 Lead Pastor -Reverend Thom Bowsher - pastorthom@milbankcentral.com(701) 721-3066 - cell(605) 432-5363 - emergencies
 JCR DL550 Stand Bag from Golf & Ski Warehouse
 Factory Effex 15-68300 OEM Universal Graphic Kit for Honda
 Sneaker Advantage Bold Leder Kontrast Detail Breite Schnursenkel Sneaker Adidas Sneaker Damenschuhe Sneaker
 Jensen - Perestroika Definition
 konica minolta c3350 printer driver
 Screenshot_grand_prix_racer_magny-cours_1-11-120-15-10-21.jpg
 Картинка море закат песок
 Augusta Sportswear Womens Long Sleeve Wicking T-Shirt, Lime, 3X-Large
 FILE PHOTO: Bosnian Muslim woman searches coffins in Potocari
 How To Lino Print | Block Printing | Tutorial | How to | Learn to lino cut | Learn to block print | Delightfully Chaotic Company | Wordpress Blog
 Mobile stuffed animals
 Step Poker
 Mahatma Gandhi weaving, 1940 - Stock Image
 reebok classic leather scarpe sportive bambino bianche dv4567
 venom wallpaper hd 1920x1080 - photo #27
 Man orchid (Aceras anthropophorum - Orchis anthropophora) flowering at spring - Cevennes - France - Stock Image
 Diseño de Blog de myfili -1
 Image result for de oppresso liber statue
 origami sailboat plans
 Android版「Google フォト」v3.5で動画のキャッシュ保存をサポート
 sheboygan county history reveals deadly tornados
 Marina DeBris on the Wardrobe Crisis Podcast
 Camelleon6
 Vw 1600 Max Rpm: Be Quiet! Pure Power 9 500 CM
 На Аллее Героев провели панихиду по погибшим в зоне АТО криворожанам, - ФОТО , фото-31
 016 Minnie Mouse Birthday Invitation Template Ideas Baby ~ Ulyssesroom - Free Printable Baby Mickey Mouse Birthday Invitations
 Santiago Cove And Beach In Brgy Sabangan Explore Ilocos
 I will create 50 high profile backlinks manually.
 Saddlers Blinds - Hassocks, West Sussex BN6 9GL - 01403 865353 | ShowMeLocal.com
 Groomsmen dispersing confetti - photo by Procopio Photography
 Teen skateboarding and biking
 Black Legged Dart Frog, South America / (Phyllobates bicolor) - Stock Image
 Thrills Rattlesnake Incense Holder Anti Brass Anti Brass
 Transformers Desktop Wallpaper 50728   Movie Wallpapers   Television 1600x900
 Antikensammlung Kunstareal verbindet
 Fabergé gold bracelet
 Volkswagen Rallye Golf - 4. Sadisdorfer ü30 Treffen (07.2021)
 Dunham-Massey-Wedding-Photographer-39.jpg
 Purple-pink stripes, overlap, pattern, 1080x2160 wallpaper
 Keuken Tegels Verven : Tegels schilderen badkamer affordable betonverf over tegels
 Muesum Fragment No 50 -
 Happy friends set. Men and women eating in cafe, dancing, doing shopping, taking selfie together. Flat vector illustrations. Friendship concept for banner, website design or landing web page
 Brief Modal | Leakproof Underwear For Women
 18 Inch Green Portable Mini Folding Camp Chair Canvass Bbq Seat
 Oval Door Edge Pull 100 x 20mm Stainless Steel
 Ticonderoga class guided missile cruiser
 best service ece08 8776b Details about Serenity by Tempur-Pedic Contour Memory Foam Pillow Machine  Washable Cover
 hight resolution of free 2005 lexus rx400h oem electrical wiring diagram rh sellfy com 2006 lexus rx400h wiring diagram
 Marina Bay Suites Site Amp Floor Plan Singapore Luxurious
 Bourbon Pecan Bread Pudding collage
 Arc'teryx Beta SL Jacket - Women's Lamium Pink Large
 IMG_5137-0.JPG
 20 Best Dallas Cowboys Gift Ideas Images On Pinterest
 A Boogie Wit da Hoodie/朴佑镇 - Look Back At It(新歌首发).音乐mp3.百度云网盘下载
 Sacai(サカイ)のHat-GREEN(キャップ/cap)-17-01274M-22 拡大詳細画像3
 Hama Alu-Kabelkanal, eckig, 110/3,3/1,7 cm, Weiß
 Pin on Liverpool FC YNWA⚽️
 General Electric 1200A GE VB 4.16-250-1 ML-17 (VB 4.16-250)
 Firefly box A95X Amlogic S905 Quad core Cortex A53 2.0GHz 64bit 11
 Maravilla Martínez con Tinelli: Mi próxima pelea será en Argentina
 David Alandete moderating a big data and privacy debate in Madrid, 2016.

______

» **Problem to work on**
Reproduce, word for word and in full, only the lines above that start at the line with "Diseño de Blog de myfili -1" and run through the line with "Muesum Fragment No", both ends included.

» **Output of the task**
 Diseño de Blog de myfili -1
 Image result for de oppresso liber statue
 origami sailboat plans
 Android版「Google フォト」v3.5で動画のキャッシュ保存をサポート
 sheboygan county history reveals deadly tornados
 Marina DeBris on the Wardrobe Crisis Podcast
 Camelleon6
 Vw 1600 Max Rpm: Be Quiet! Pure Power 9 500 CM
 На Аллее Героев провели панихиду по погибшим в зоне АТО криворожанам, - ФОТО , фото-31
 016 Minnie Mouse Birthday Invitation Template Ideas Baby ~ Ulyssesroom - Free Printable Baby Mickey Mouse Birthday Invitations
 Santiago Cove And Beach In Brgy Sabangan Explore Ilocos
 I will create 50 high profile backlinks manually.
 Saddlers Blinds - Hassocks, West Sussex BN6 9GL - 01403 865353 | ShowMeLocal.com
 Groomsmen dispersing confetti - photo by Procopio Photography
 Teen skateboarding and biking
 Black Legged Dart Frog, South America / (Phyllobates bicolor) - Stock Image
 Thrills Rattlesnake Incense Holder Anti Brass Anti Brass
 Transformers Desktop Wallpaper 50728   Movie Wallpapers   Television 1600x900
 Antikensammlung Kunstareal verbindet
 Fabergé gold bracelet
 Volkswagen Rallye Golf - 4. Sadisdorfer ü30 Treffen (07.2021)
 Dunham-Massey-Wedding-Photographer-39.jpg
 Purple-pink stripes, overlap, pattern, 1080x2160 wallpaper
 Keuken Tegels Verven : Tegels schilderen badkamer affordable betonverf over tegels
 Muesum Fragment No 50 -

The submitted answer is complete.